21 Luglio 2011 alle 16:51

Quando sono stato al seggio l'ultima volta per votare le comunali, fuori dal seggio c'era scritto che è vietato portare in urna i telefonini con fotocamera. Infatti, per non avere problemi, ho dovuto dichiarare al presidente del seggio che avevo un telefonico con tale tecnologia e ho dovuto lasciarlo in custodia allo stesso assieme al documento identificativo. Ora, se non avessi avuto tale condotta, sarei stato punibile ai sensi di Legge che non sto qui a citare. Sono rimasto molto perplesso quando ho sentito la dichiarazione del moralizzatore onorevole Franceschini, e quella del Ministro Maroni, il primo che diceva di essere contento per avere dimostrato al Popolo Italiano che tutti i cittadini sono uguali davanti alla Legge ma prima aveva comunicato che i deputati del PD avrebbero reso palese il loro voto con un accorgimento tecnico, e la perplessità è cresciuta quando ho letto la dichiarazione e dal secondo che ha fatto una foto con il dito sul pulsante verde del voto.
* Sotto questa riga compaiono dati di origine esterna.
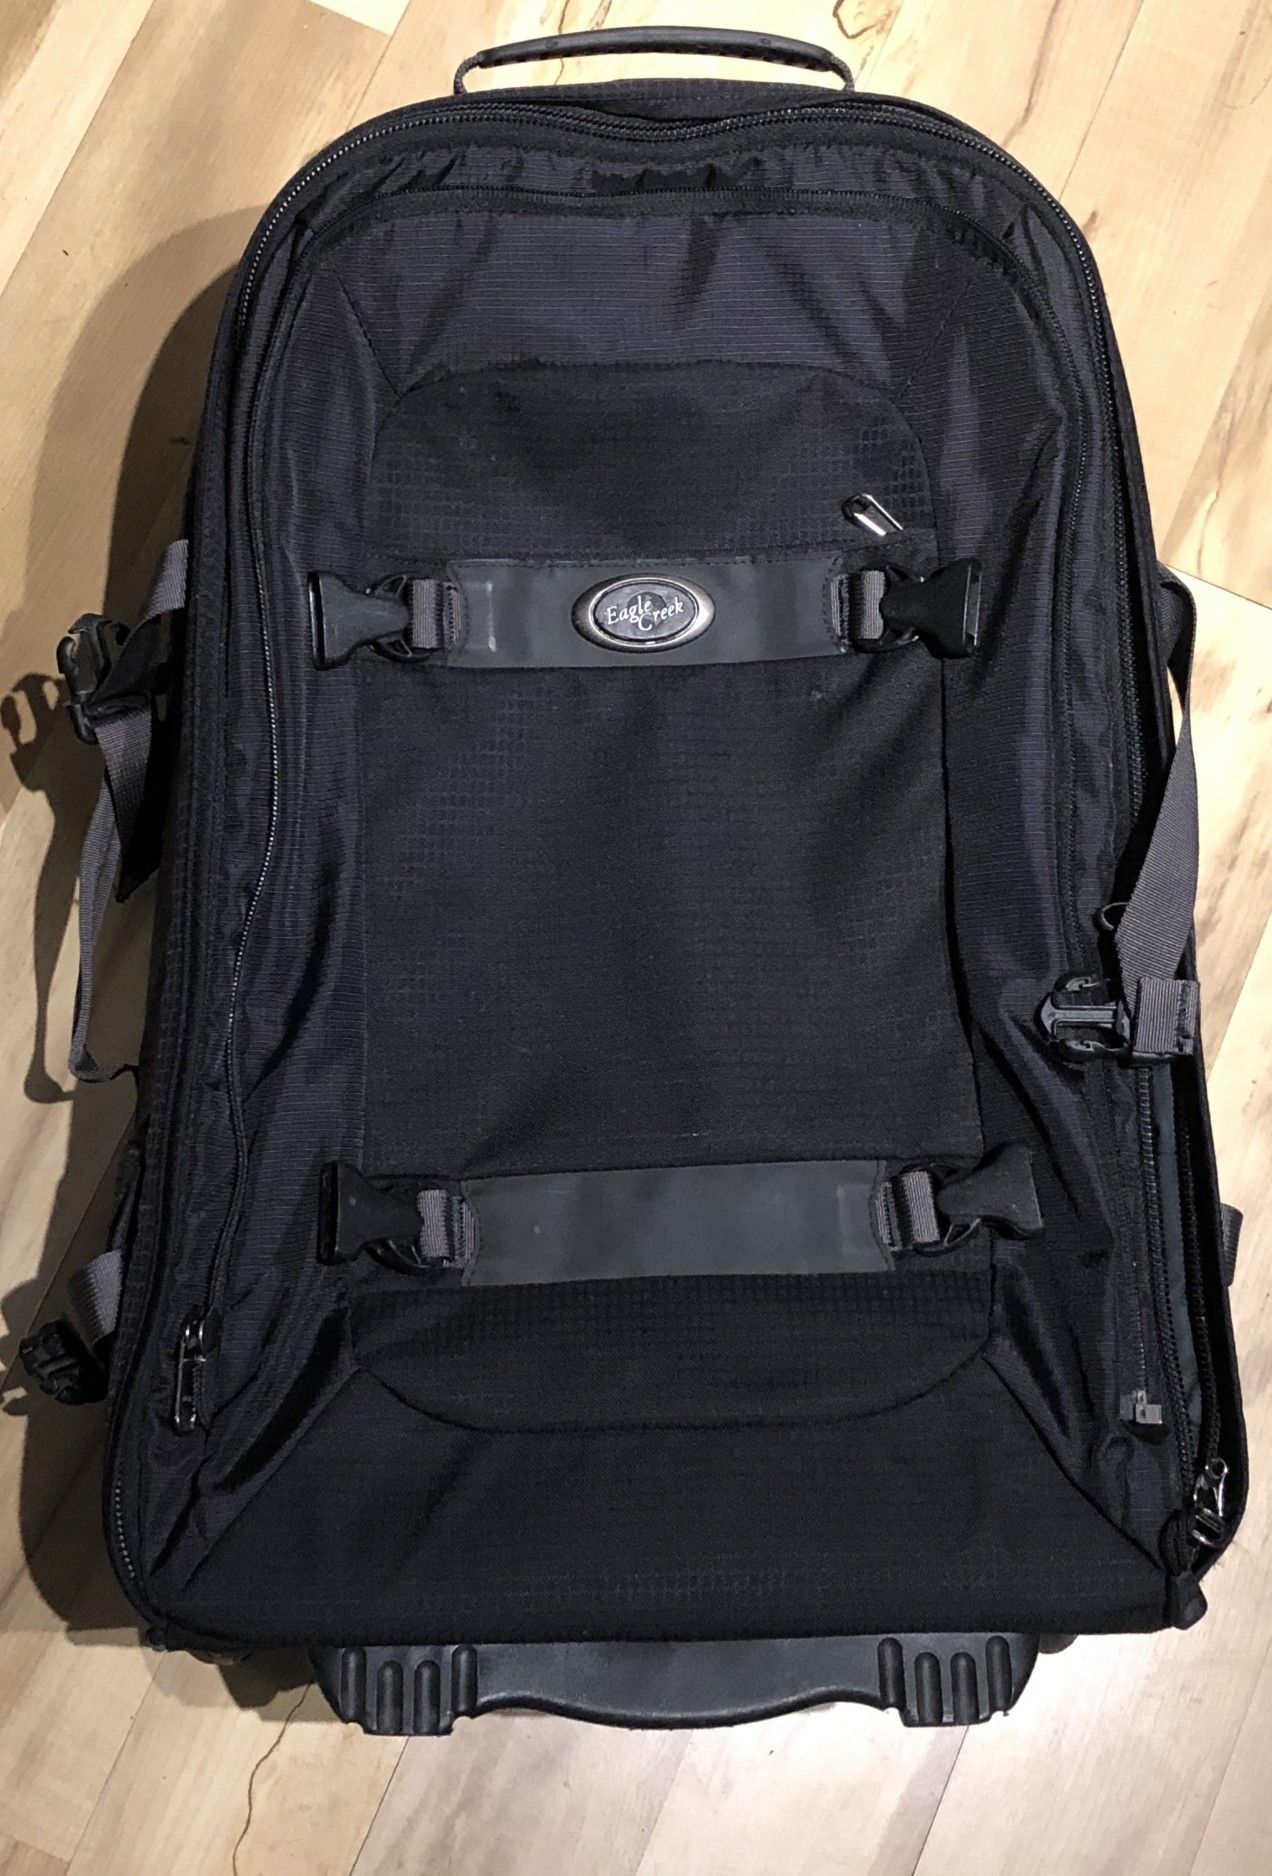 Eagle Creek Switchback backpack/travel bag

Ma se la Legge è uguale per tutti i cittadini, incluso l'on. Franceschini e il Ministro Maroni, perché loro possono rendere palese il loro voto segreto, mentre altri cittadini vengono denunciati alle autorità e passano le calende greche? Per il sottoscritto, ad ogni modo, si è trattato di un'intimidazione di stampo mafioso quanto avvenuto ieri nell'aula dei Deputati della Repubblica Italiana.